Tecnologia up. Maturità down
“I giovani di oggi sono una generazione senza tutto“ affermò il sociologo polacco Zygmunt Bauman, nel corso della lectio magistralis Genitori e figli che tenne a Gorizia nel 2015.
Riteniamo giusto partire da questa considerazione nel leggere i risultati della ricerca condotta dalla docente di psicologia Jean Twenge della San Diego University (Usa), secondo la quale gli adolescenti di oggi sono immaturi se confrontati a quelli di qualche anno fa.
Crescono più lentamente afferma la ricercatrice, perché tendono a ritardare le esperienze da adulti, cullandosi nella spensieratezza. Cosicché quelle che erano normali esperienze che si consumavano tra i 13 e i 18 anni, oggi vengono procrastinate. Dal lavoro al fidanzamento, per gli 8,5 milioni di adolescenti statunitensi, che la ricercatrice ha esaminato nell’arco degli ultimi 40 anni, gli appuntamenti con la vita hanno subito uno slittamento all’indietro di circa 3 anni nella fascia tra i 15 e i 18 anni, addirittura di 7 anni nella fascia tra i 18 anni e i 25. Semplificando, i 18enni di oggi si comportano come i 15enni di ieri; i 25enni conducono una vita pari a quella dei 18enni del passato.
Gli statunitensi, quindi, maturano in ritardo o, se si preferisce, hanno tempi di crescita più lenti rispetto ai coetanei di qualche anno fa.
In Italia invece…
Lo studio americano sembrerebbe adattarsi anche ai giovani italiani, se ci soffermassimo ai freddi dati statistici che li vedono, all’interno dell’Unione Europea, primi solo alla Slovacchia, per percentuale di ‘mammoni’ pari al 67% contro la media europea del 47,9% (dati: Eurostat 2016).
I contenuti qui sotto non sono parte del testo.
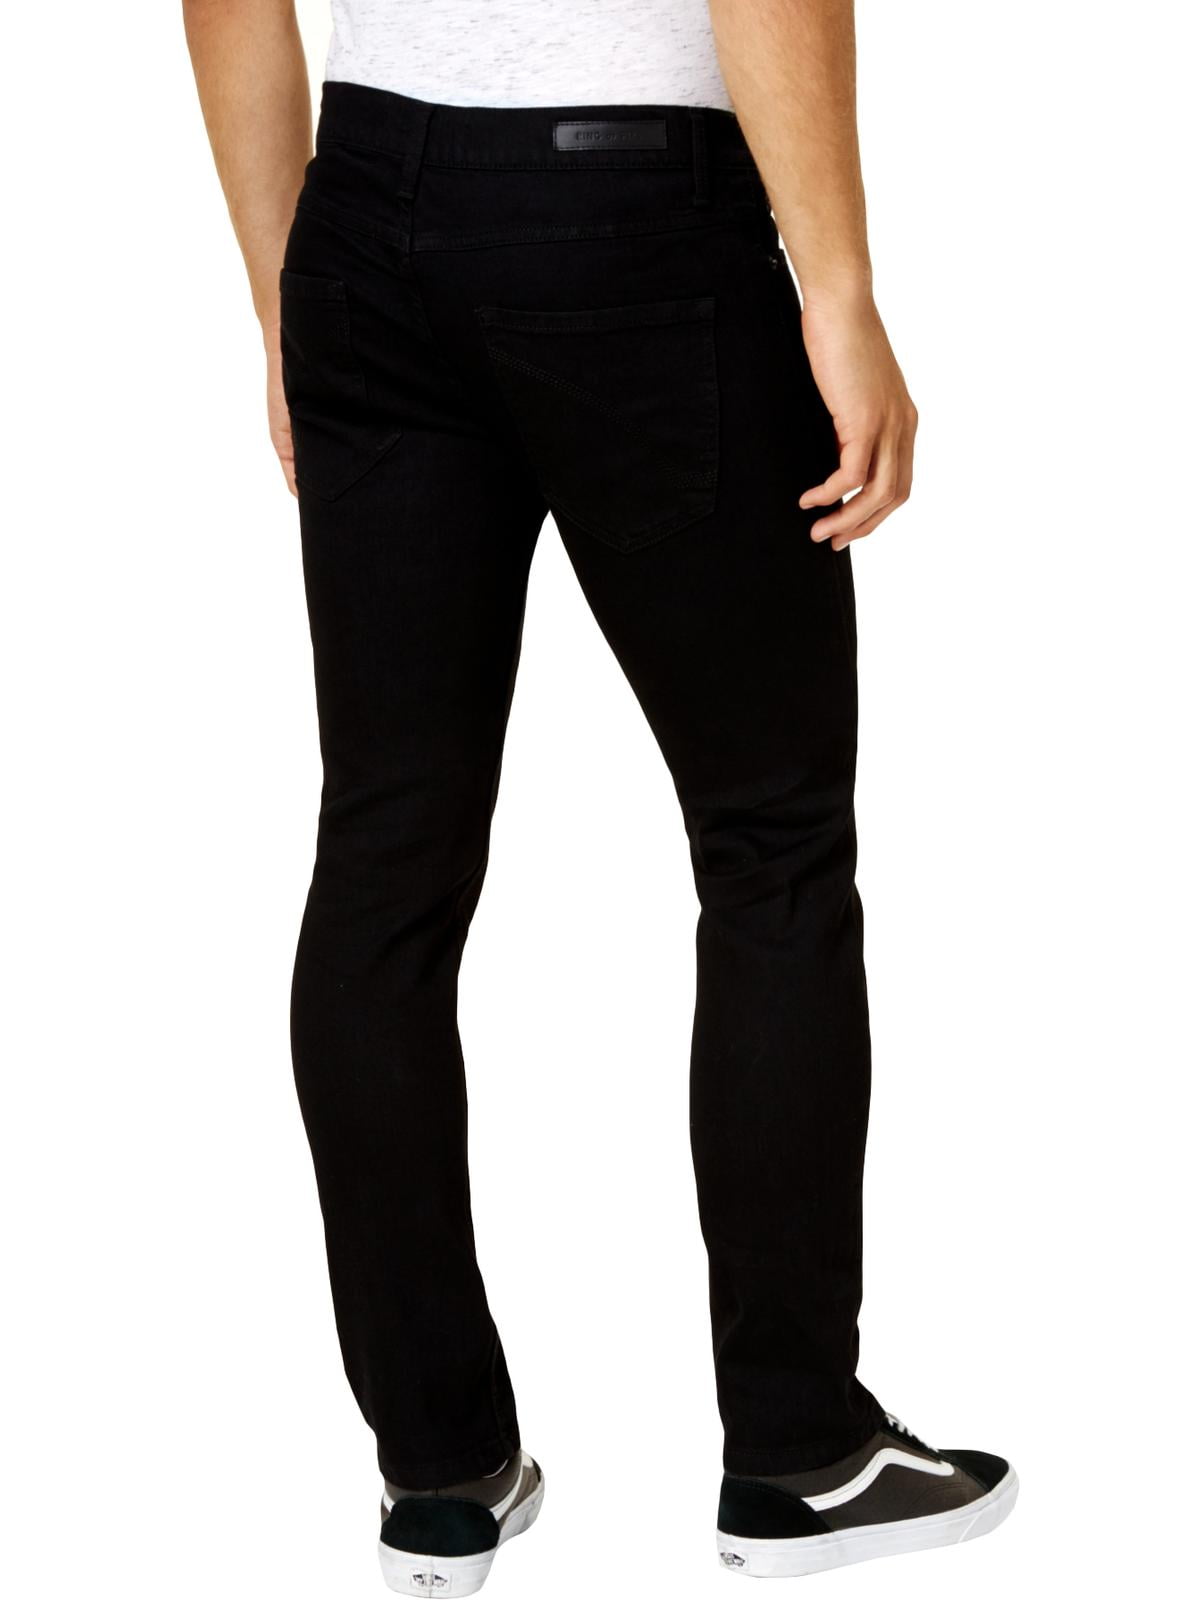 ring of fire black jeans

Ma se cerchiamo di approfondire la realtà dei giovani italiani, emerge un quadro d’insieme più complesso.
Secondo il Rapporto Giovani del 2017 dell’Istituto Toniolo, la condizione della generazione emergente è “in equilibrio precario tra rischi da cui difendersi e opportunità cui tendere, penalizzata da freni culturali e istituzionali che non permettono una piena valorizzazione di potenziali troppo spesso misconosciute e sottoutilizzate”. Parole che riportano all’affermazione di Bauman.
I “Millennials”, ovvero i nati tra gli anni ’80 e il 2000, sono più istruiti e tecnologicamente avanzati rispetto alle generazioni passate e vorrebbero essere impegnati “attivamente all’interno della società”. Al netto dei “bamboccioni” che ci sono sempre stati, dallo studio dell’Istituto Toniolo la maggior parte dei giovani italiani, in merito alle aspirazioni, non si differenziamo dalle generazioni precedenti: stesso desiderio di conquistare la propria autonomia e di “fornire una continuità verso le generazioni successive”. Ovvero mettere su famiglia.
Da un campione di 6172 persone tra i 19 e i 34 anni (indagine- ottobre 2016) alla domanda “Quale pensi sia l’età adatta per lasciare la casa dei genitori, avendo tutte le condizioni oggettive per farlo?” i Millennials indicano le fasce di età che equivalgono a quelle dei loro genitori, specificando, però, di essere costretti a posticipare l’uscita dalla casa genitoriale per difficoltà oggettiva, non per preferenza. “I motivi prevalenti di chi riamane con la famiglia di origine dopo i 25 anni” leggiamo sul Rapporto “non sono ‘sto bene così’ o ‘conservo la mia libertà’ ma la mancanza di mezzi per vivere autonomamente” (indagine – Ottobre 2016).
Le generazioni di oggi, disse Zygmunt Bauman nel corso della sua lectio magistralis, sono indicate con delle lettere x o y, “ignoti matematici che stanno a indicare l’ignoto di un futuro che non risponde più alle potenzialità impiegate dai singoli individui”.